━━ Data below ━━

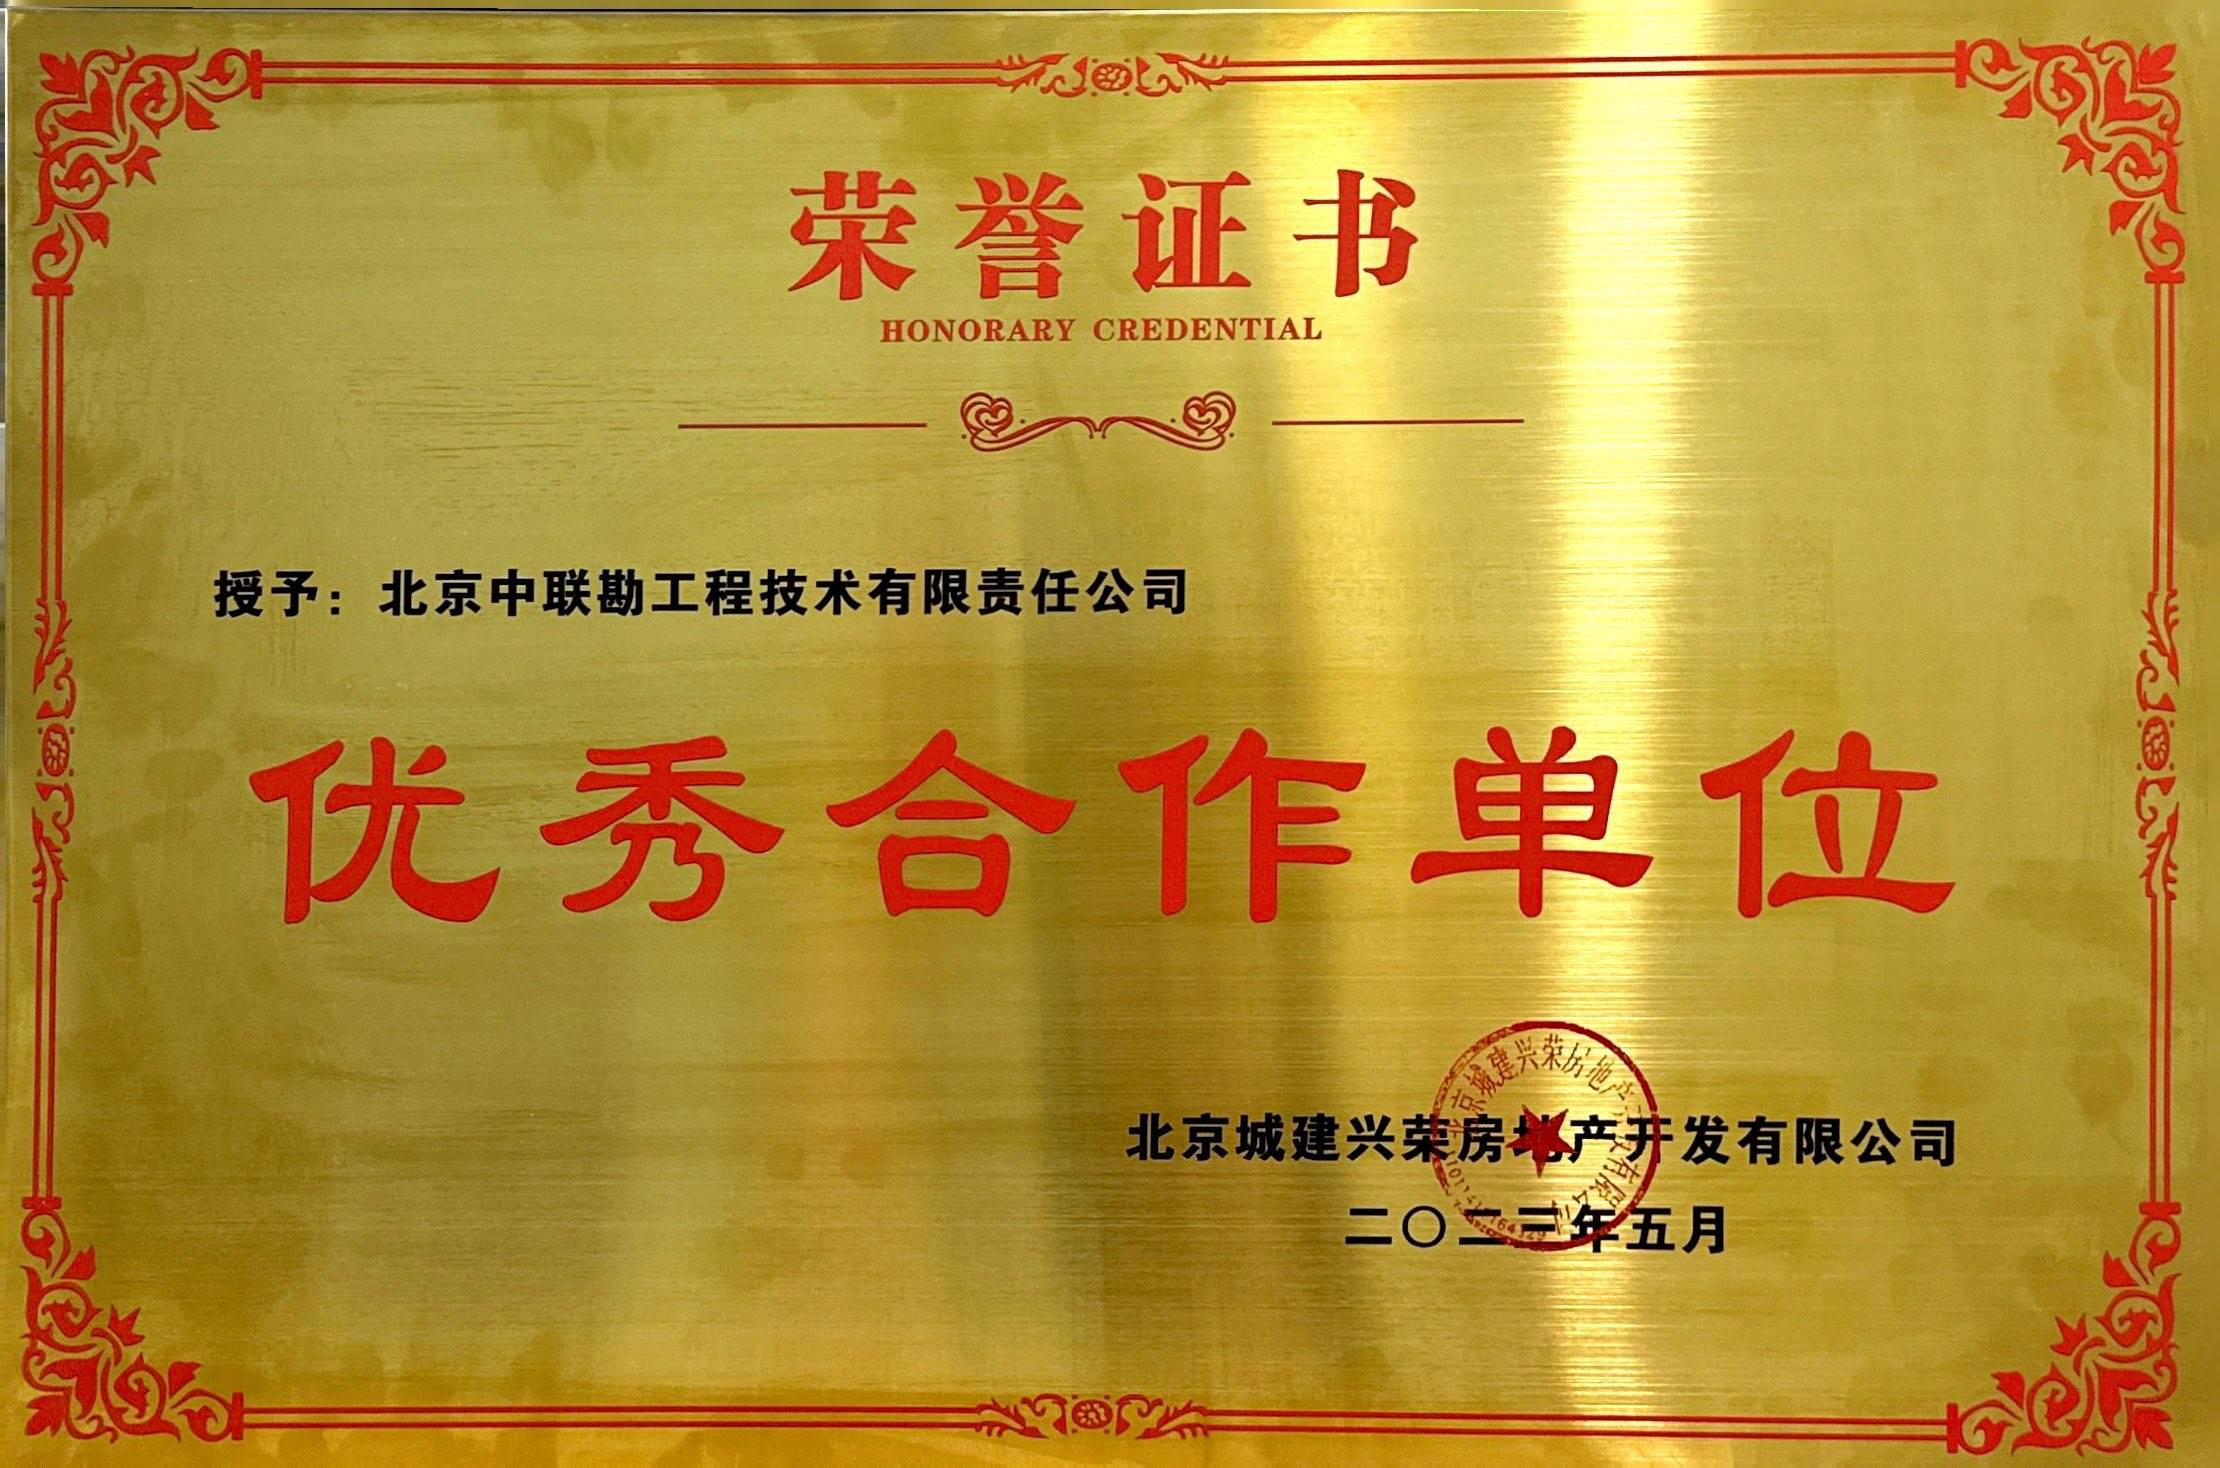 被北京城建兴荣房地产授予“优秀合作单位”
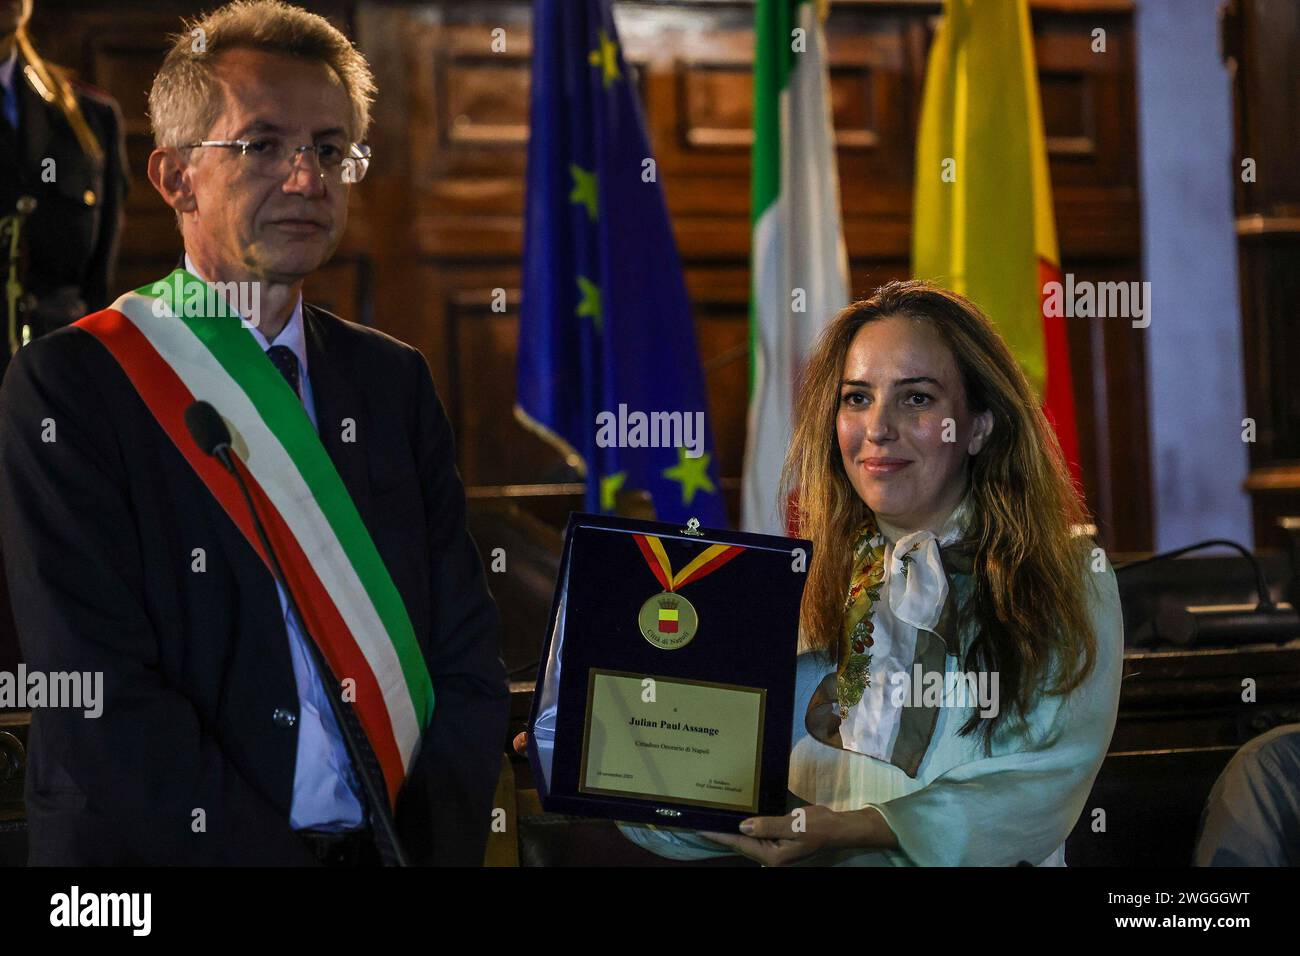 Der Bürgermeister von Neapel Gaetano Manfredi überreicht Stella Moris die Gedenktafel zur Verleihung der Ehrenbürgerschaft von Neapel an Julian Assange. Stockfoto
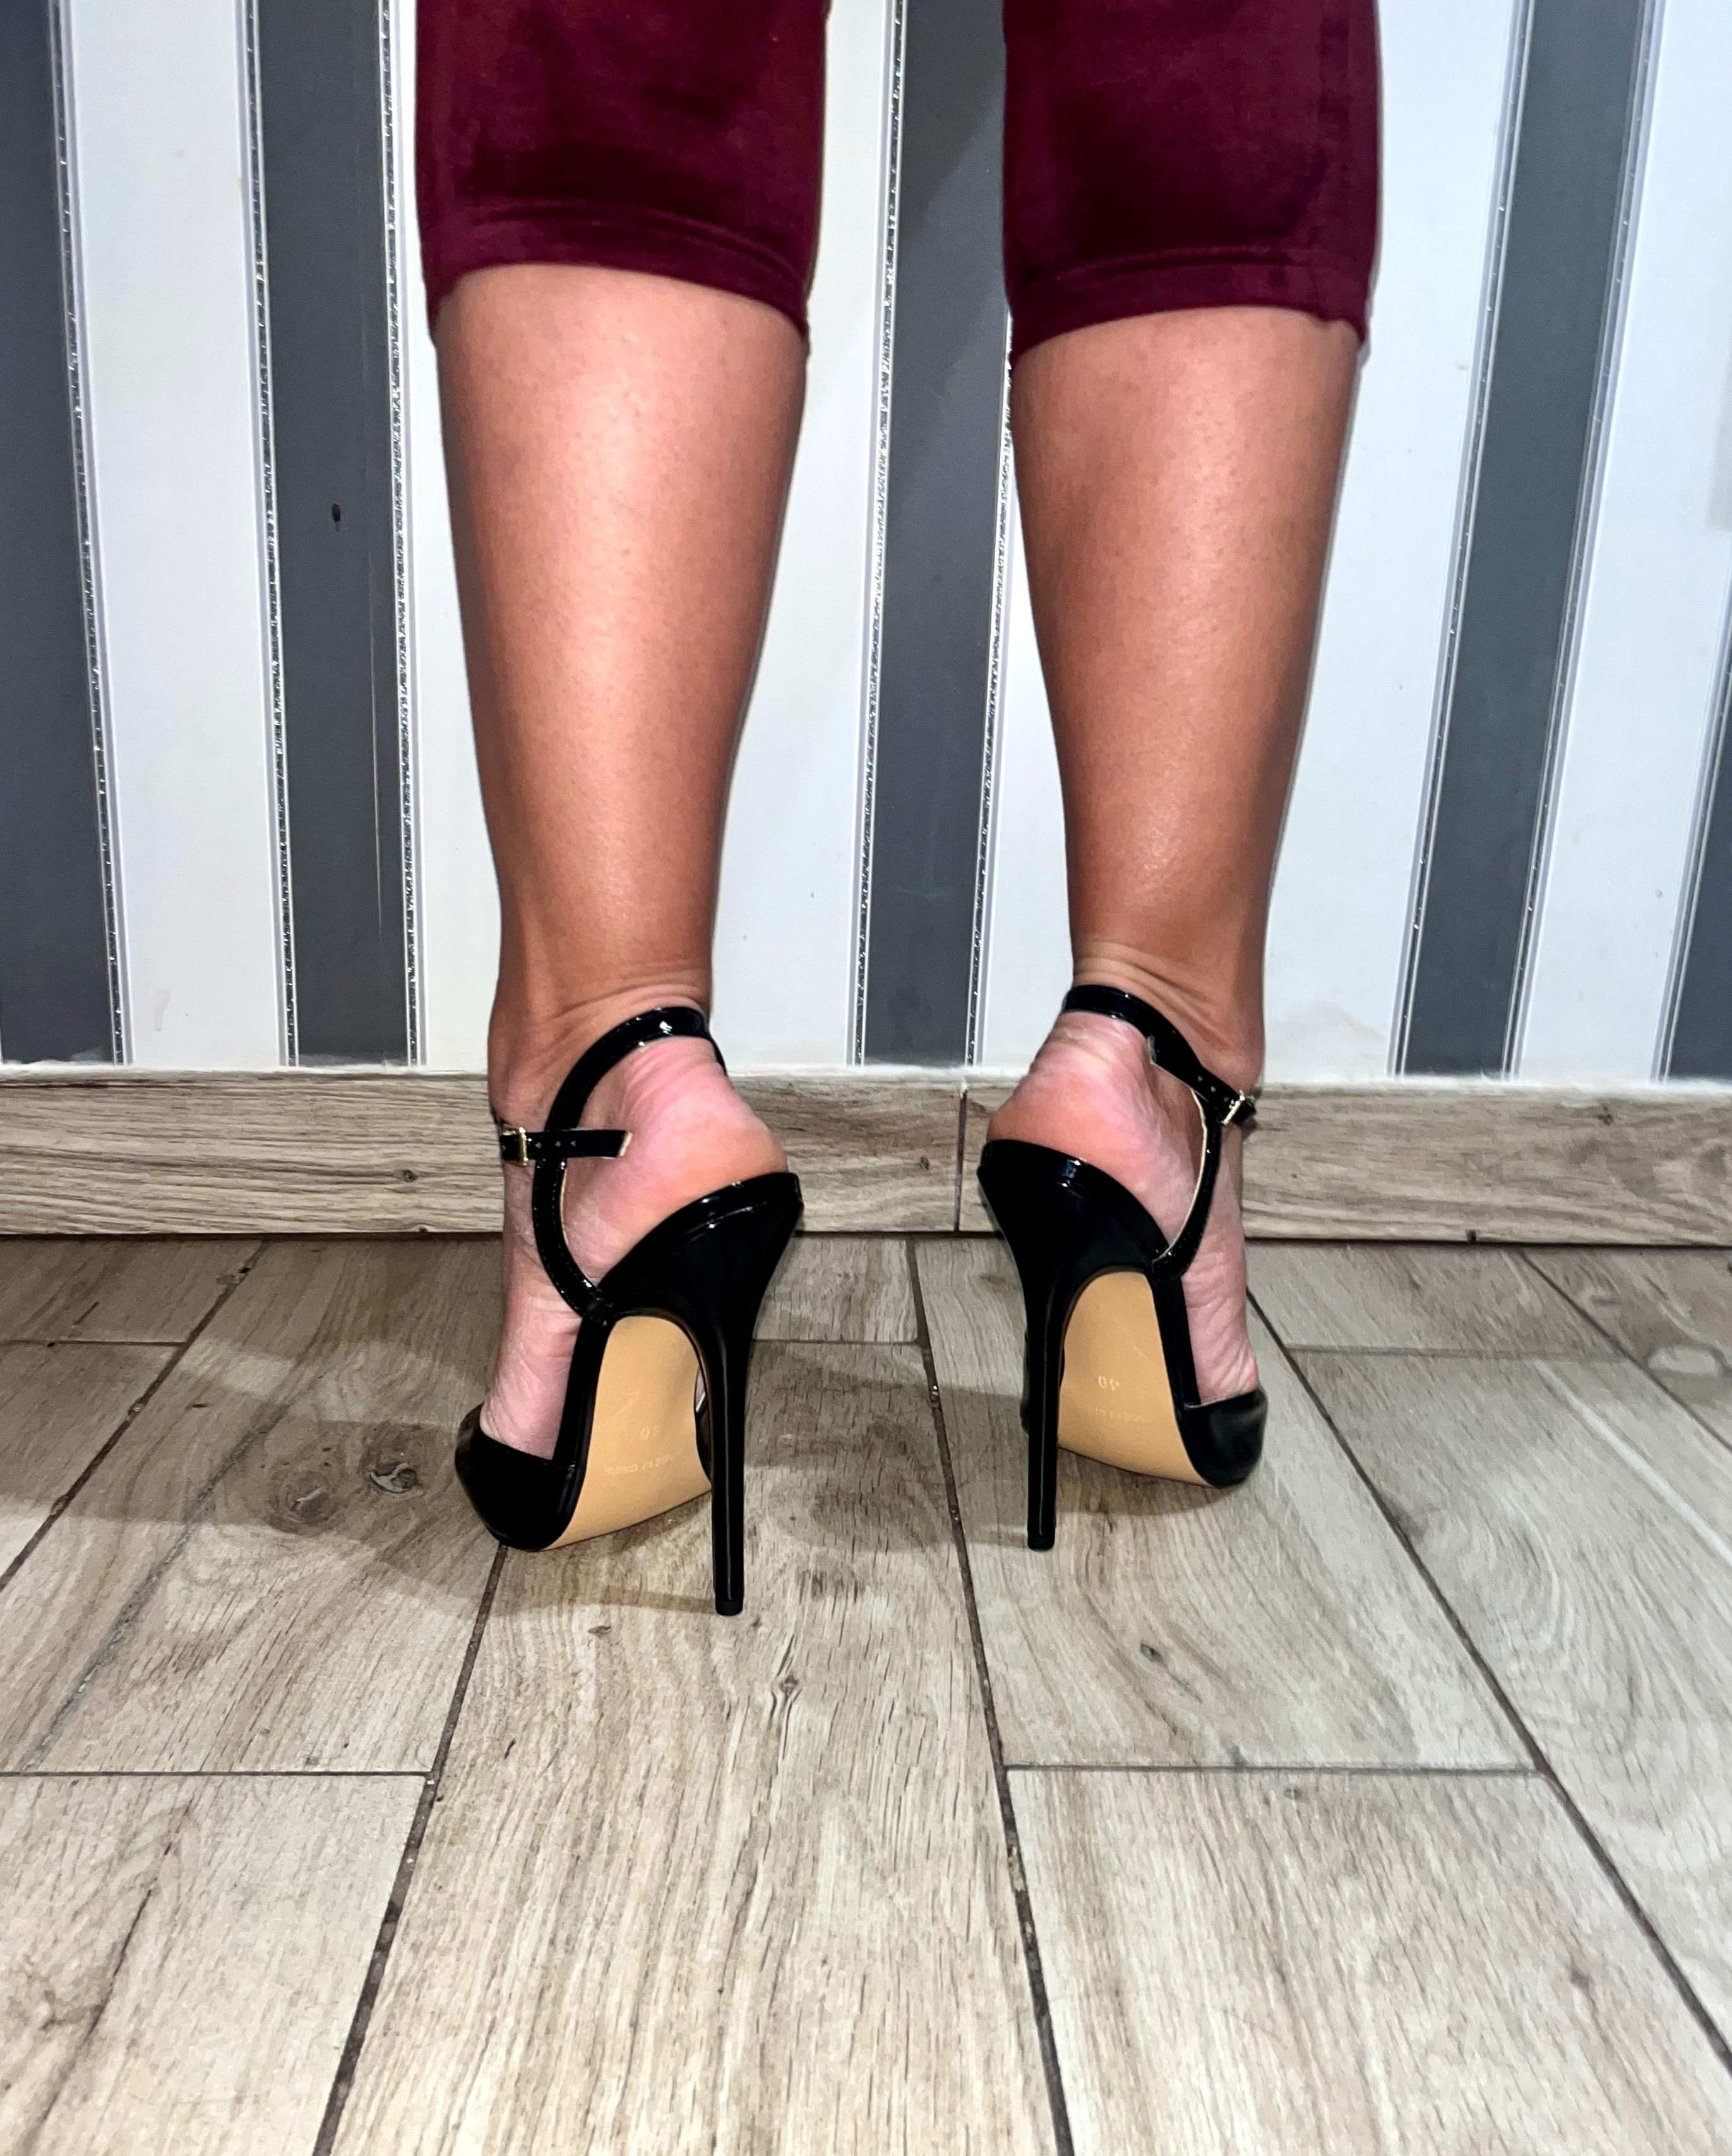 186/ ODRĘKI 44 Piękne szpilki high heels Trans Crossdress czarne 36-46

━━━

# Task details
Word for word, restate each line above, minus its pictures.

# Response to the exercise
 被北京城建兴荣房地产授予“优秀合作单位”
 Der Bürgermeister von Neapel Gaetano Manfredi überreicht Stella Moris die Gedenktafel zur Verleihung der Ehrenbürgerschaft von Neapel an Julian Assange. Stockfoto
 186/ ODRĘKI 44 Piękne szpilki high heels Trans Crossdress czarne 36-46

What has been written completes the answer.